Placement of Aortic Transcatheter Valves (Cohort A): TAVR vs. Surgical AVR - PARTNER Cohort A: TAVR vs. Surgical AVR
Contribution To Literature:
The PARTNER Cohort A trial showed that TAVR is noninferior to surgical AVR for clinical outcomes up to 5 years for the management of patients with high surgical risk.
As many as one-third of patients with severe aortic stenosis (AS) are high-risk surgical candidates and are conservatively managed. However, nonsurgical management of symptomatic AS is associated with a median survival of about 2 years. The results of the PARTNER trial (cohort B) comparing medical therapy to transfemoral transcatheter aortic valve replacement (TAVR) in inoperable patients demonstrated a significant mortality benefit with TAVR over medical therapy.

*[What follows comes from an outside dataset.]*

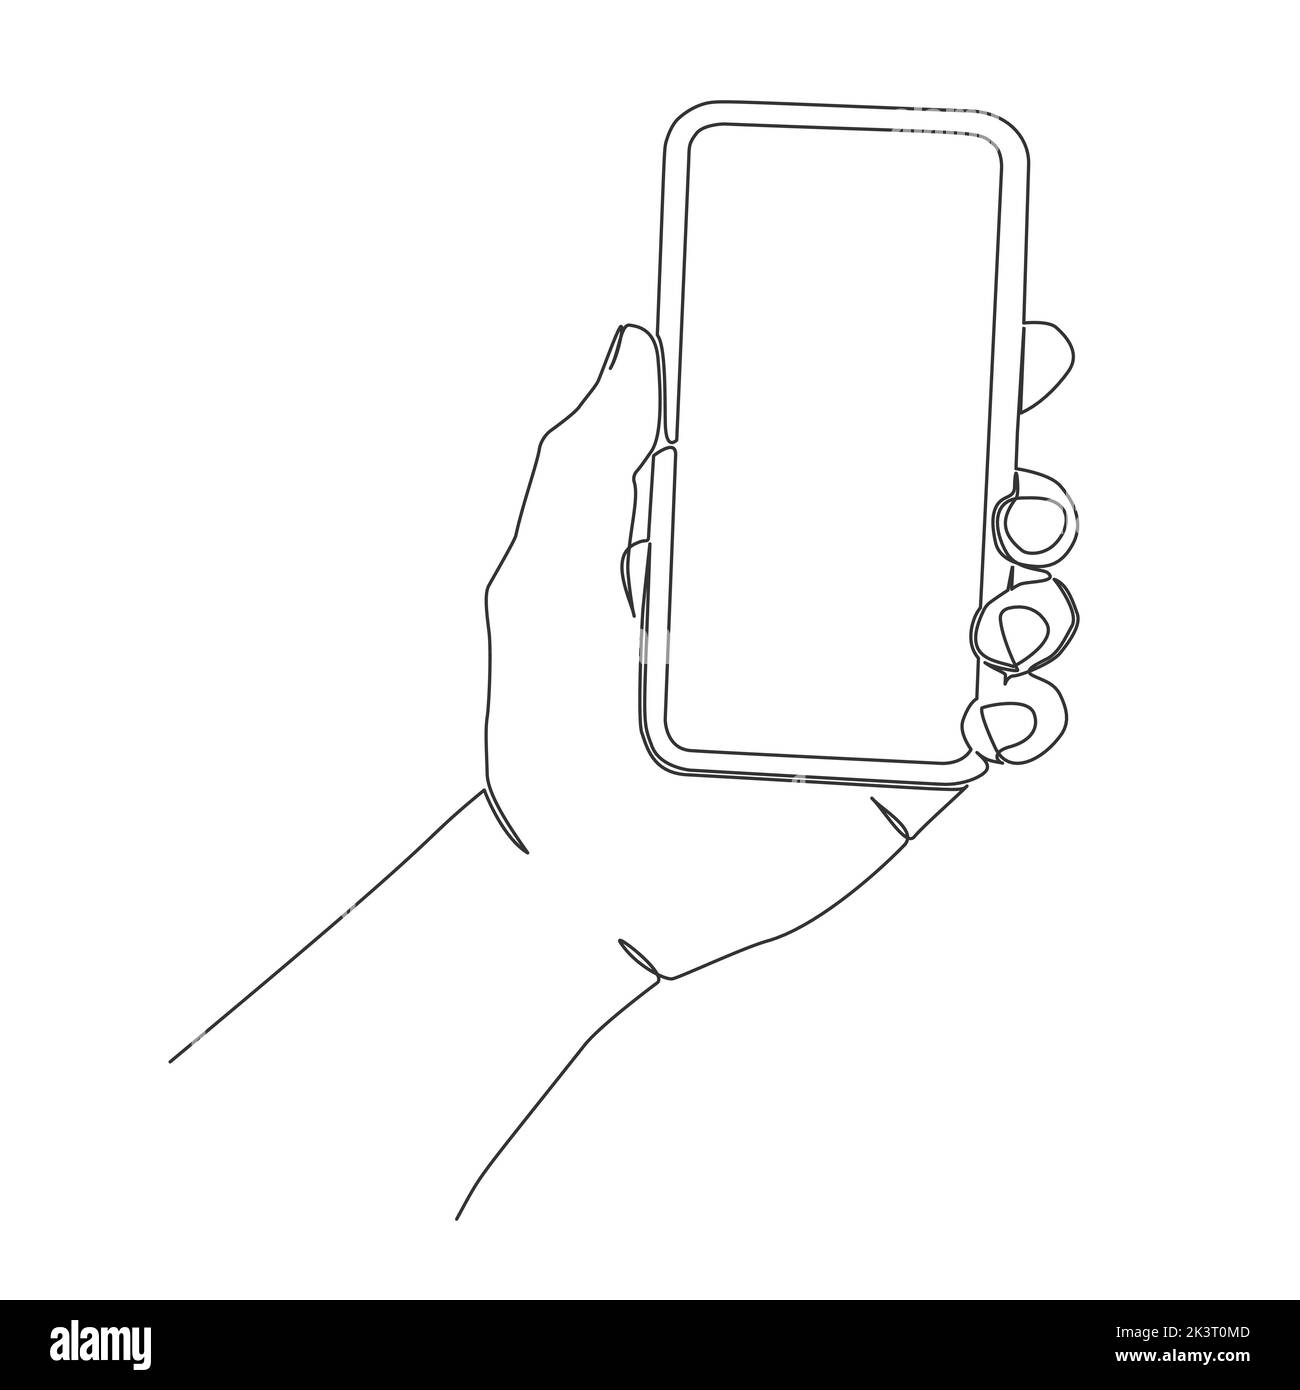 Eine Linie Zeichnung der Hand halten Smartphone isoliert auf weißem Hintergrund, Linie Art Vektor-Illustration Stock Vektor
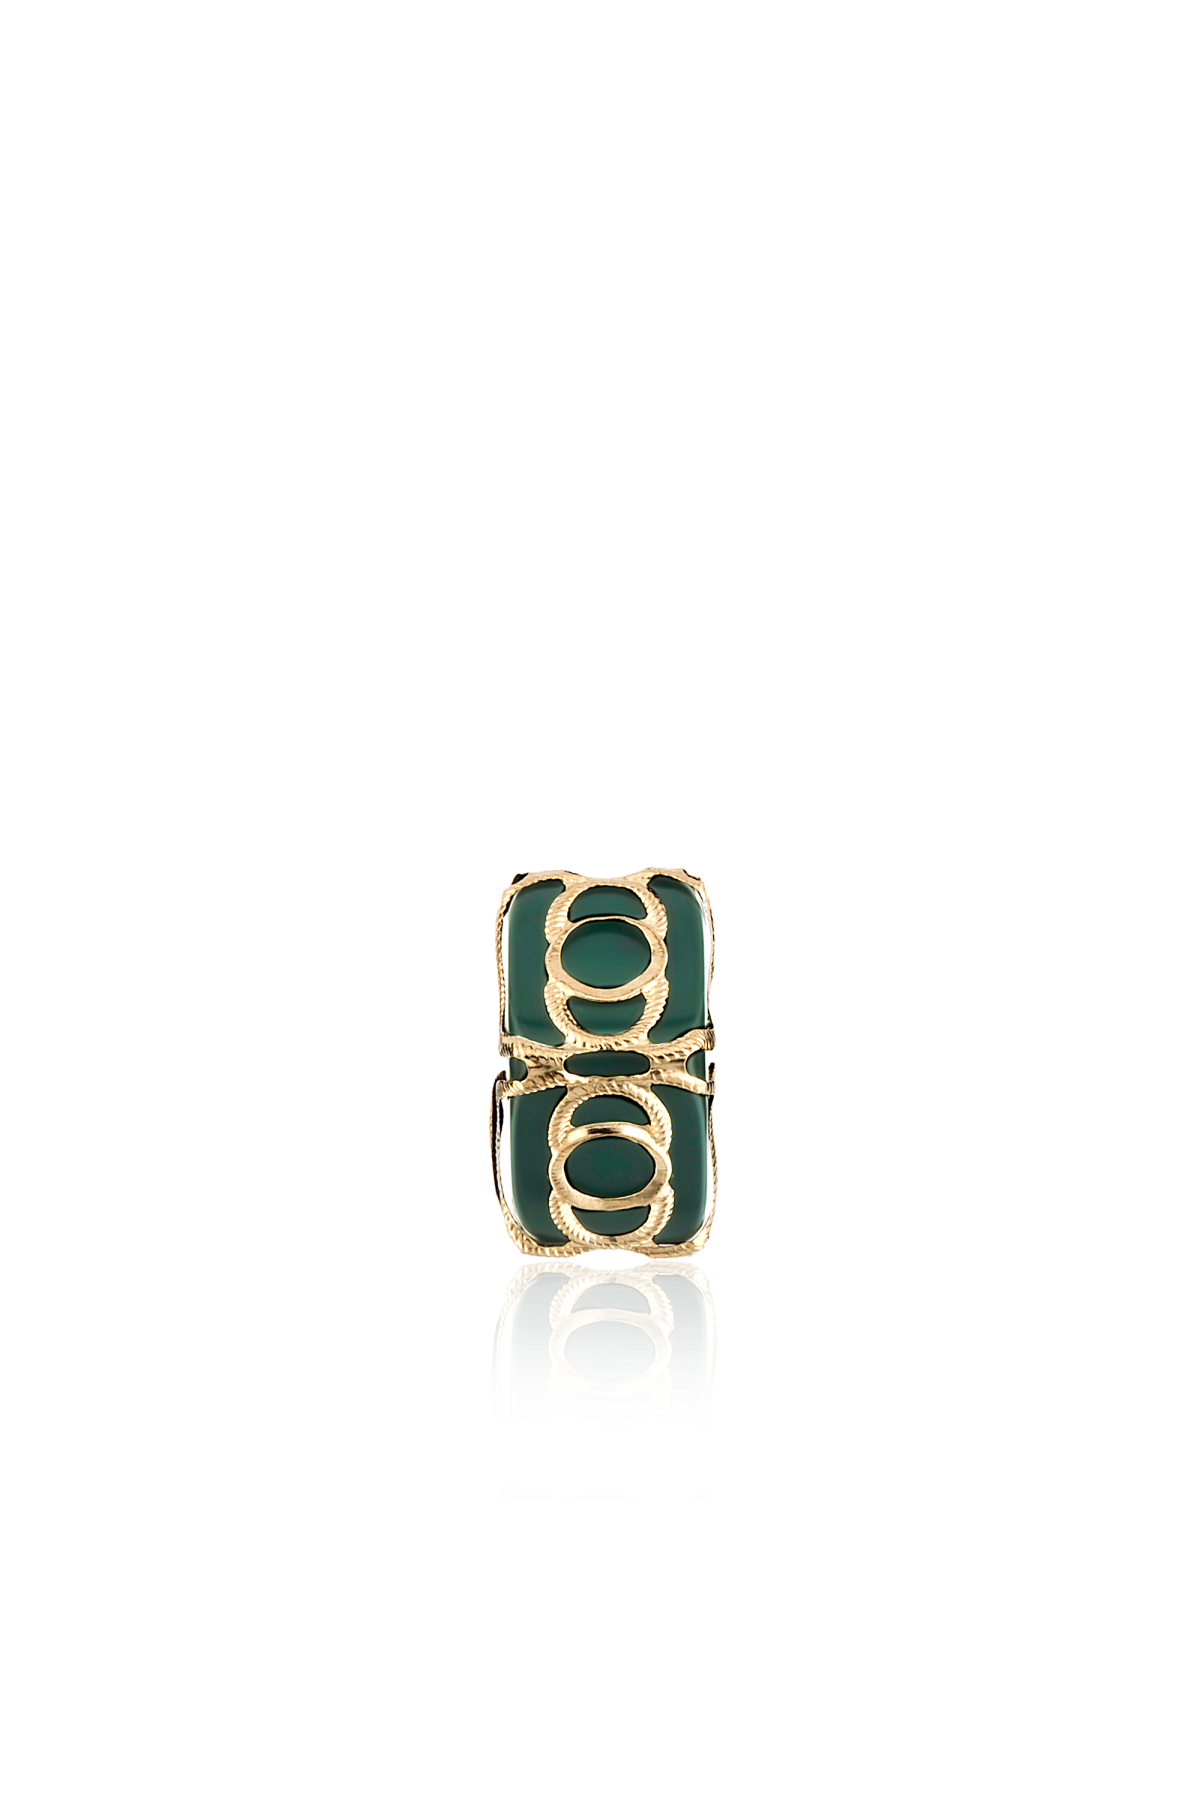 Altın Telkari Motifli Yuvarlak Desenli Yeşil Küp Bodrum Nazarlığı

The current trial (cohort A) sought to compare outcomes between TAVR (either transfemoral or transapical) versus surgical aortic valve replacement (AVR) in patients who were high risk.
- Severe AS: Echo-derived aortic valve area (AVA) <0.8 cm2 (or AVA index <0.5 cm2/m2) and mean AV gradient >40 mm Hg or peak jet velocity >4.0 m/s
- Cardiac symptoms: NYHA functional class ≥II
- High surgical risk: Predicted risk of operative mortality ≥15% (determined by site surgeon and cardiologist); guideline = STS score ≥10
- Number of enrollees: 699
- Duration of follow-up: 2 years
- Mean patient age: 84 years
- Percentage female: 43
- Ejection fraction: 53%
- NYHA class: III/IV: 94%
- Bicuspid or noncalcified aortic valve
- Aortic annulus diameter (echo measurement) <18 mm or >25 mm
- Aortic dissection or iliac-femoral dimensions or disease precluding safe sheath insertion (especially calcification)
- Severe LV dysfunction (LV ejection fraction <20%)
- Untreated coronary artery disease requiring revascularization
- Severe AR or MR (>3+) or prosthetic valve (any location)
- Serum creatinine >3.0 mg/dl or dialysis dependent
- Acute myocardial infarction within 1 month
- Upper gastrointestinal bleed within 3 months
- Cerebrovascular accident or TIA within 6 months
- Any cardiac procedure, other than balloon aortic valvuloplasty, within 1 month or within 6 months for drug-eluting stent
- Hemodynamic instability (e.g., requiring inotropic support)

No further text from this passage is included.